Les Français ne peuvent pas comprendre, bien qu’il n’y ait entre nous que l’épaisseur d’un mur psychiatrique. « Vous êtes nombreux là-dedans ? » A l’inverse, les belgicains devinent où mènent ces pirouettes, ces figures de style au-dessous du volcan. Ils entrevoient l’issue de secours qui se dessine en négatif, ils n’ont qu’une idée en tête — parce que leur tête est creuse aussi, bien sûr — me piétiner le rhizome, me fourrer au fond d’un trou de mémoire, comme une taupe, un vilain lapsus rattachiste.
Je parle aux murs, en mode Lacan, ce psychanalyste venu de l’Action française. J’aimais plutôt bien Lacan, l’excommunié, le maître du miroir, avec ses mathèmes à l’emporte-pièce, ses rubans qu’il entortillait à la manière d’un prestidigitateur pour prouver l’infinie réversibilité de tout. L’avantage de Lacan sur les autres psychanalystes, c’est qu’il cherchait à être le plus incompréhensible ; peu avant sa mort, il a fini par contre-transférer, il a reconnu que ce n’était que poudre aux yeux, poudre de projection, perlimpinpin, chacun pouvait y voir Œdipe à sa porte, méconnaissable.
« L’inconscient est structuré comme un langage », comme un calembour universel qui n’a pas de chute et qui se déroule en anneau de Möbius.
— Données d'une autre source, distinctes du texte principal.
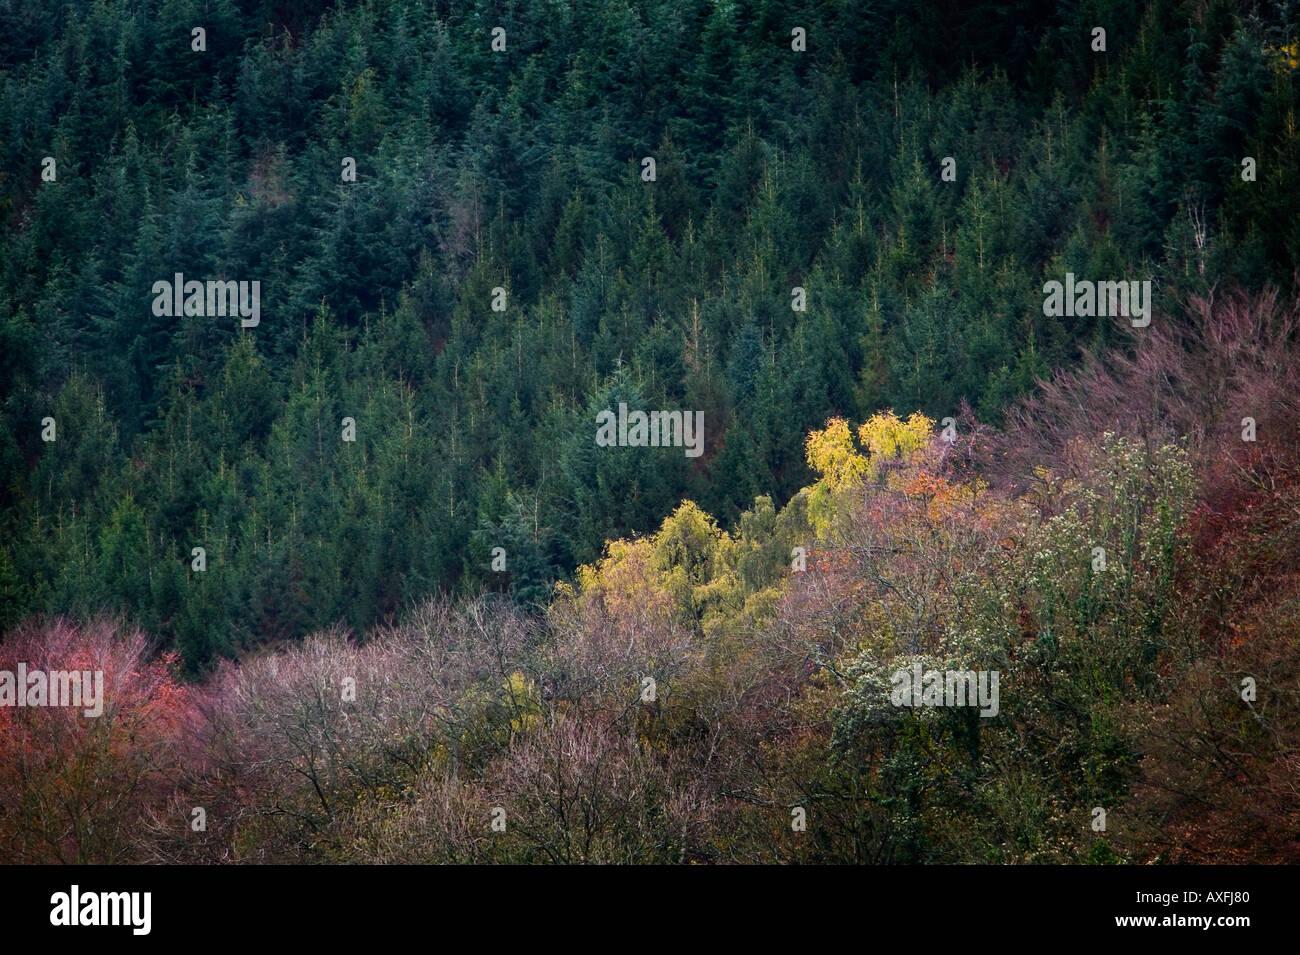 Forest in autumn Blorenge Llanfoist Wales UK - Stock Image

Le mur s’effrite. Marabout de ficelle. Ce Lacan était-il un peu belge sur les bords ? Parfois, il ne suffit pas de longer les surfaces. Il faut savoir les défoncer. Un peu comme lorsque Daerden exhibait sa façade vitreuse chez Arthur et que Bruno Gaccio déclarait : « J’ai envie de lui mettre un coup de boule. » Guignol’s band. Boule de gomme. Quand tout le monde aime papa, les noms dupes errent.
J’habite une blague et c’est pas drôle. Belge, notre soi-disant nom de famille, ne rime avec rien, hormis peut-être avec orphelin ; c’est pourquoi cette horde primitive multiplie les jeux de mots préhistoriques. Parce que leur non belge — leur « eux » muet, leur absence de peuple —, ne trouve aucune résonance, ils font comme si tous les autres noms consonaient, sonnaient vides comme une cache, une poche, une blague, et ils appellent ça leur totem ; l’humour gras au fond Dutroux, cette horrible chose, bouche cousue, pleine de terre, qui ne se laisse pas dire et qui s’épuise en marches blanches, bêtes et nulles.
Un totem, c’est toujours dur, pour durer, bien induré, mais les Wallons « on rentre dedans comme dans du beurre », comme dans une hallucination, un retour de réel — car le réel, pour Lacan, c’est ce qui échappe au langage, quand votre signifiant fuit de partout. Wallon : « vieux terme germanique désignant celui qui n’est pas un germain. » Tout le monde aime les Germains. Si les Germains n’étaient pas là. Germains et nous ? Nous sommes tous des étrangers, donc personne n’est wallon, donc tout le monde est belge. Ceci n’est pas une hallucination, mon signifiant compte pour du beurre.
Je sourds, donc je fuis… Il vaut mieux entendre ça que d’être belge. Où allons-nous ? En France. Là, plus je m’ouvre comme Wallon — comme un trou, comme un sous-sol, comme un corps caverneux qui fait écho —, moins les Français l’entendent, ma lettre morte : « Ainsi donc, vous êtes belge… de Bruxelles ? » et lorsque les Français croisent un Flamand, ils scotomisent en boucle : « Ainsi donc, vous êtes Flamand… de France ? »
Si les deux faces du ruban ne trouvent pas de point de jonction, c’est parce qu’il n’y a qu’une seule face et apparemment, ni vous ni moi ne tournons dessus. Là, quand ? Nulle part, jamais. Tout homme, prisonnier du cercle de son nom. Wallonie, on nie.